What are Swap Fees?
A swap fee, also known as an overnight fee, is interest that you receive or pay for holding a position overnight. When you roll a position over to the next working day, you’ll incur a positive swap, where you earn interest from the contract, or a negative swap, where you incur interest from the contract. The amount you receive or pay depends on the instrument you are trading and how long your position is open.
How can I look up the Swap specifications?
In the watchlist section, right-click on the chosen symbol > choose 'Instrument Info'.
To check values for a long/short swap, see 'Overnight Rate' displayed in pips on the right-hand side.
What distinguishes a swap short from a swap long?
Swap Short is used to calculate the swap rate for leaving short positions open overnight, while Swap Long is used to calculate the rate for keeping long positions open overnight.
How can I determine swap amounts?
The formula used to calculate swap is the following:
Swap = (pip value) x (swap rate) x (number of nights)
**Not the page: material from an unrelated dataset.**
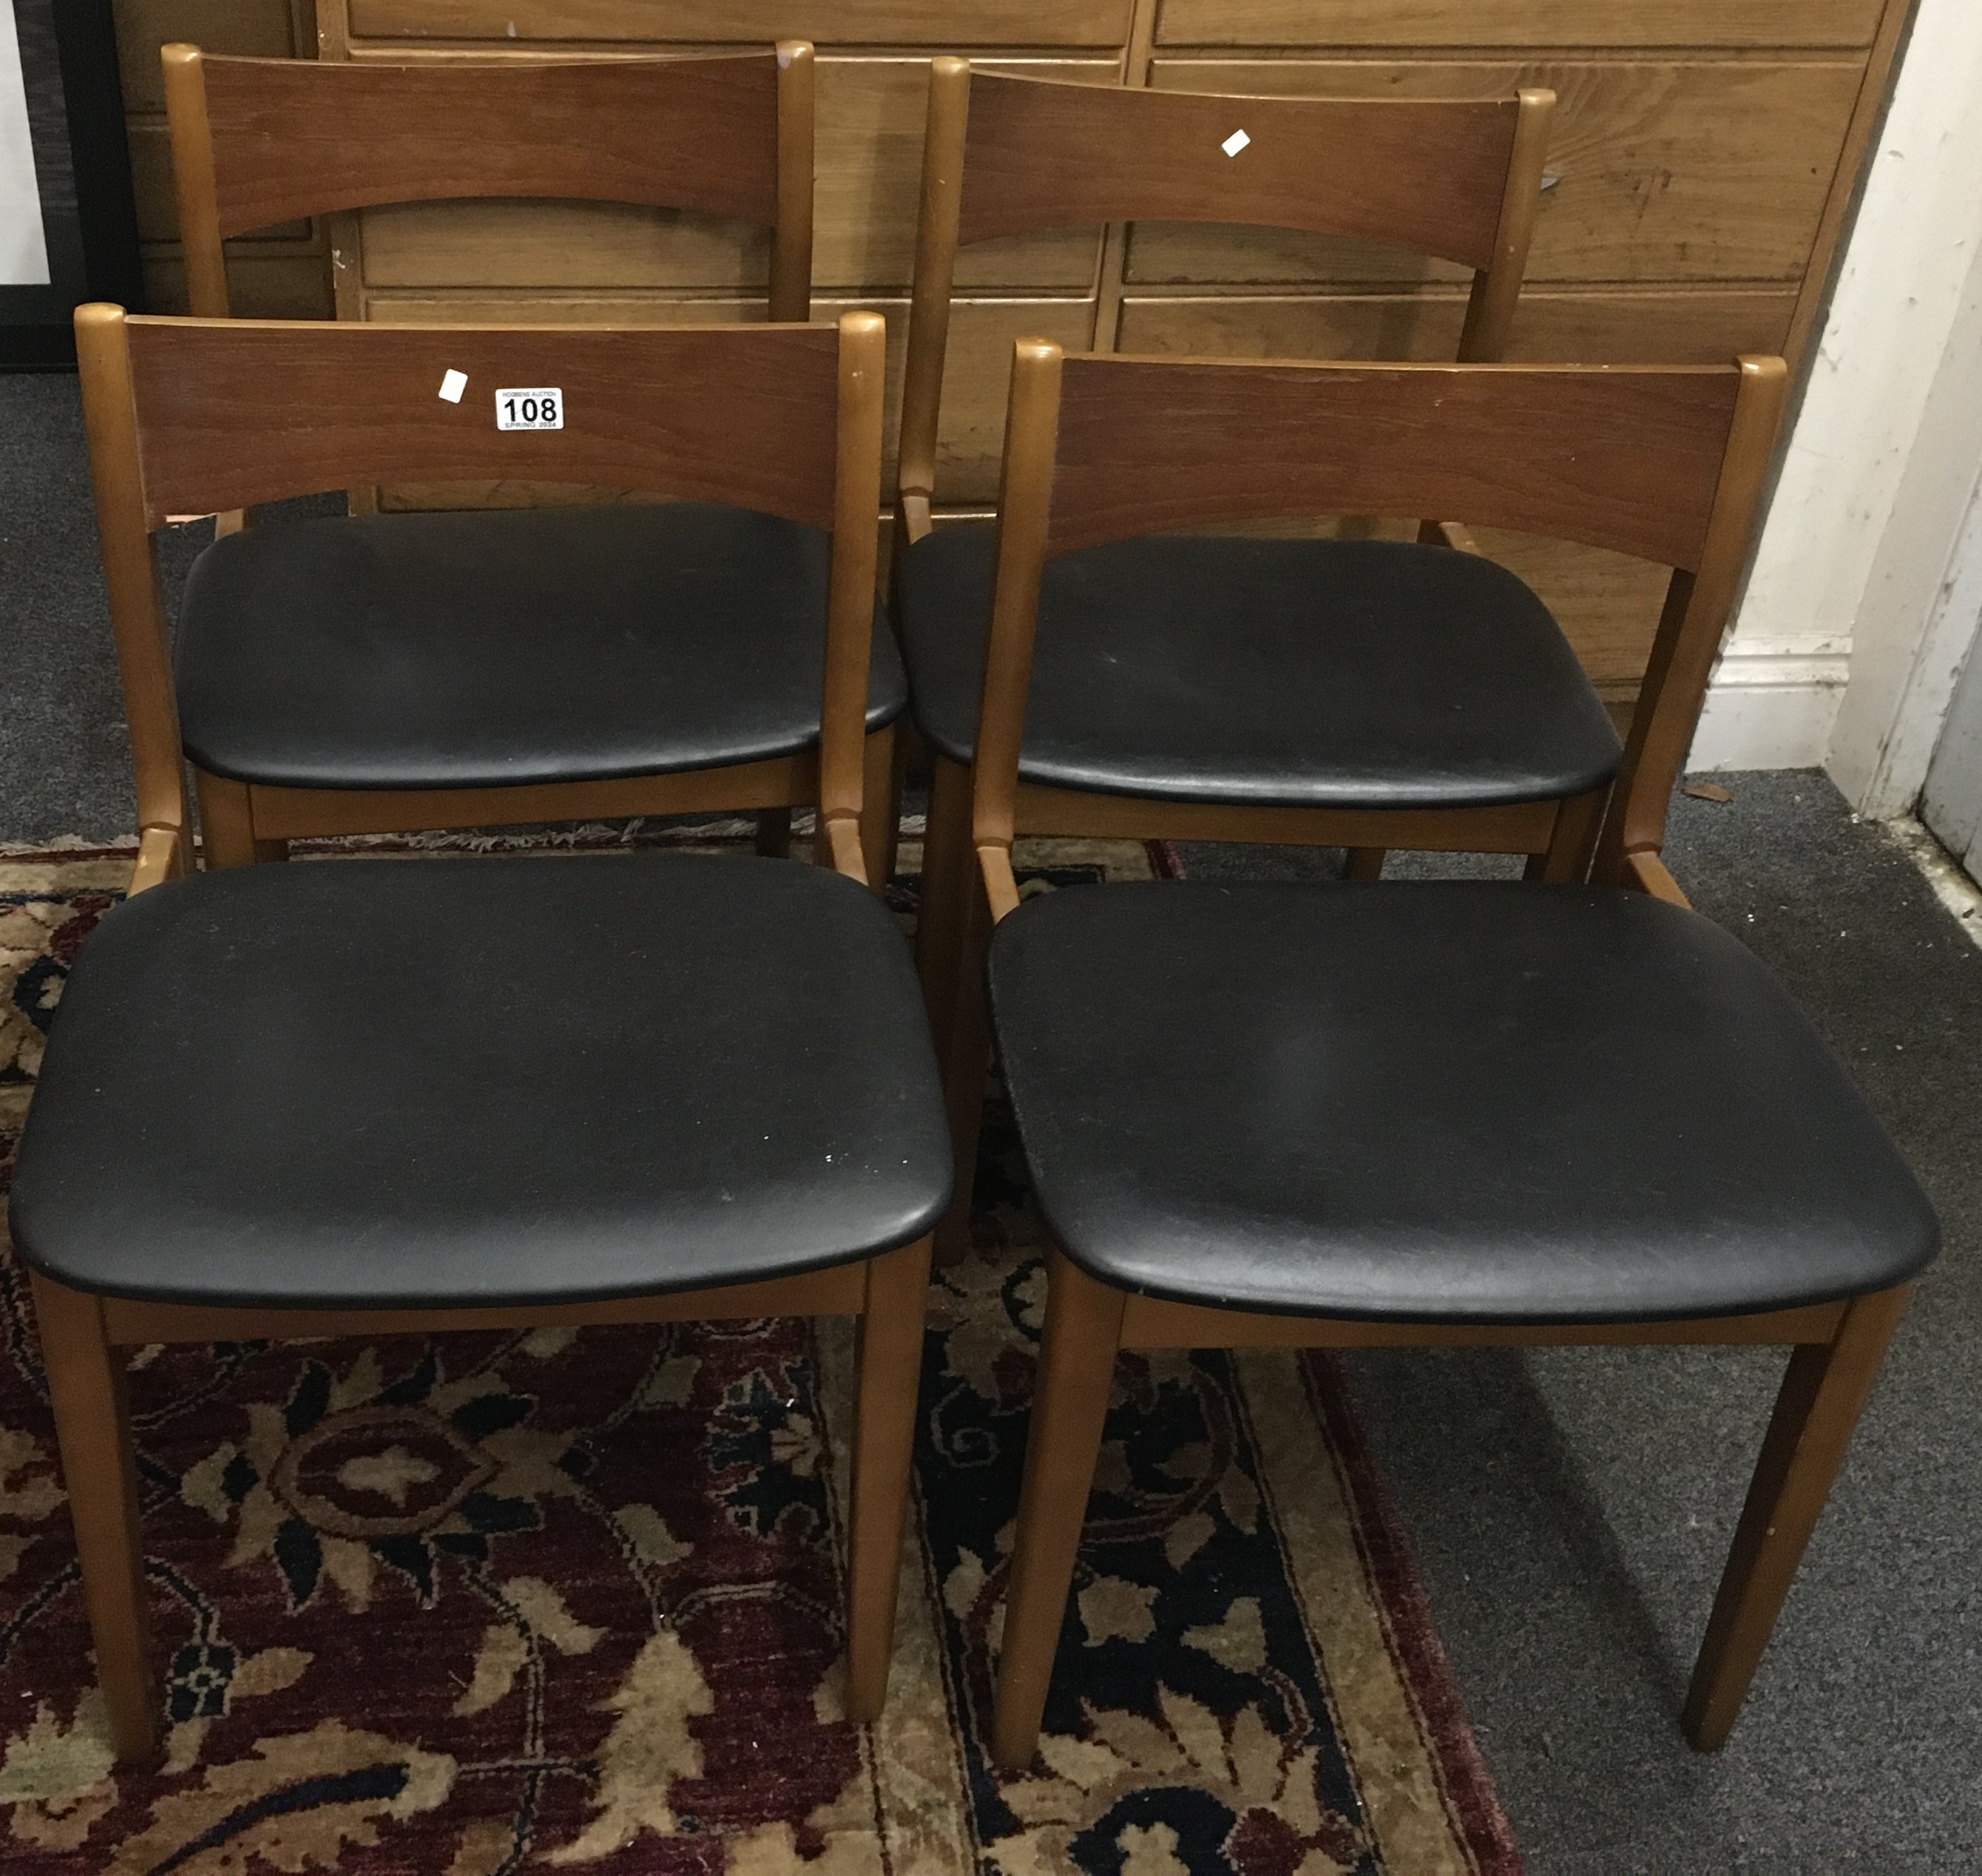 Matching set of 4 mid 20 th century G-Plan teak chairs with black leatherette upholstery

To calculate the Pip Value, please use the following formula:Contract Size x Lot Size x Pip Size
For example, a long trade of 1 lot on EURUSD, with a swap rate value of -0.68600, would be calculated as follows:
Symbol | Pip Value | Swap Rate (Long) | Number of Nights |
EURUSD | USD 10 | -0.68600 | 1 |
Swap = 10 x -0.68600 x 1 = -$6.86
Important: Depending on the symbol, one weekday will have a triple charge rate to account for the upcoming weekend. This adjusted rate will be automatically reflected in the instrument's info, ensuring users can always view the accurate charges.